(ACTION ITEM): Search the listing below for the line containing "Amplificatore Con El34". From there through the line containing "nicholas sparks's book a walk to", transcribe every line exactly, both ends included.

[DATA TO PROCESS]

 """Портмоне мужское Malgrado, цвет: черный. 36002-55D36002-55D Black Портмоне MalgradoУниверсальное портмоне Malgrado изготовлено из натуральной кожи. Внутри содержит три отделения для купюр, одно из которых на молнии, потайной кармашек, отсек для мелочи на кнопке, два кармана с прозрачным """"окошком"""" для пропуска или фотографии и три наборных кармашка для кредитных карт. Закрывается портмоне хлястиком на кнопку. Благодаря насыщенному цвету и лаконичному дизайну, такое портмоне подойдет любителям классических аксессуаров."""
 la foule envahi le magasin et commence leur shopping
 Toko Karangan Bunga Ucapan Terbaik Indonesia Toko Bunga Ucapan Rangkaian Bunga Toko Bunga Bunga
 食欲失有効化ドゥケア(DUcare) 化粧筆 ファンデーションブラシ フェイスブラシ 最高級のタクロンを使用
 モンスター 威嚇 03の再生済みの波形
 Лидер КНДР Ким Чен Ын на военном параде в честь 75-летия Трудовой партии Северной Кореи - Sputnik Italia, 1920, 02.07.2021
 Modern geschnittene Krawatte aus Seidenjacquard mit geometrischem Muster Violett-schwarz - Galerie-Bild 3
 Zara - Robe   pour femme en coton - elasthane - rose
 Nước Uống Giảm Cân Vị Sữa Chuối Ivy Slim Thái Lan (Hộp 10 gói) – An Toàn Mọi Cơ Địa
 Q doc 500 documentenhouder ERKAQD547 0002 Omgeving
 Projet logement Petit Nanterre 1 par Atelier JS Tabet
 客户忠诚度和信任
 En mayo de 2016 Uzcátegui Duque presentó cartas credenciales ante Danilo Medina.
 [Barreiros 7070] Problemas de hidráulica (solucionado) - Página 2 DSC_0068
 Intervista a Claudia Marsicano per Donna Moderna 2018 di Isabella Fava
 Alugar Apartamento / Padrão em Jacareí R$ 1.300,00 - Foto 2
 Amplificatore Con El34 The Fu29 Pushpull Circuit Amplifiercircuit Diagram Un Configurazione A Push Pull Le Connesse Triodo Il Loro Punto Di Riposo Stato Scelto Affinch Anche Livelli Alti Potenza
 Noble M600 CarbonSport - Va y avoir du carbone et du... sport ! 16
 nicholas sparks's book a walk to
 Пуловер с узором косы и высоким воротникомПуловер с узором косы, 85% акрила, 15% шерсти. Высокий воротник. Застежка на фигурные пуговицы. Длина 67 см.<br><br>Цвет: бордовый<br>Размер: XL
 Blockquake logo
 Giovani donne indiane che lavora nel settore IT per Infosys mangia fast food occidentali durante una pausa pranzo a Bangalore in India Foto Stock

[/DATA TO PROCESS]

(TASK ANSWER):
 Amplificatore Con El34 The Fu29 Pushpull Circuit Amplifiercircuit Diagram Un Configurazione A Push Pull Le Connesse Triodo Il Loro Punto Di Riposo Stato Scelto Affinch Anche Livelli Alti Potenza
 Noble M600 CarbonSport - Va y avoir du carbone et du... sport ! 16
 nicholas sparks's book a walk to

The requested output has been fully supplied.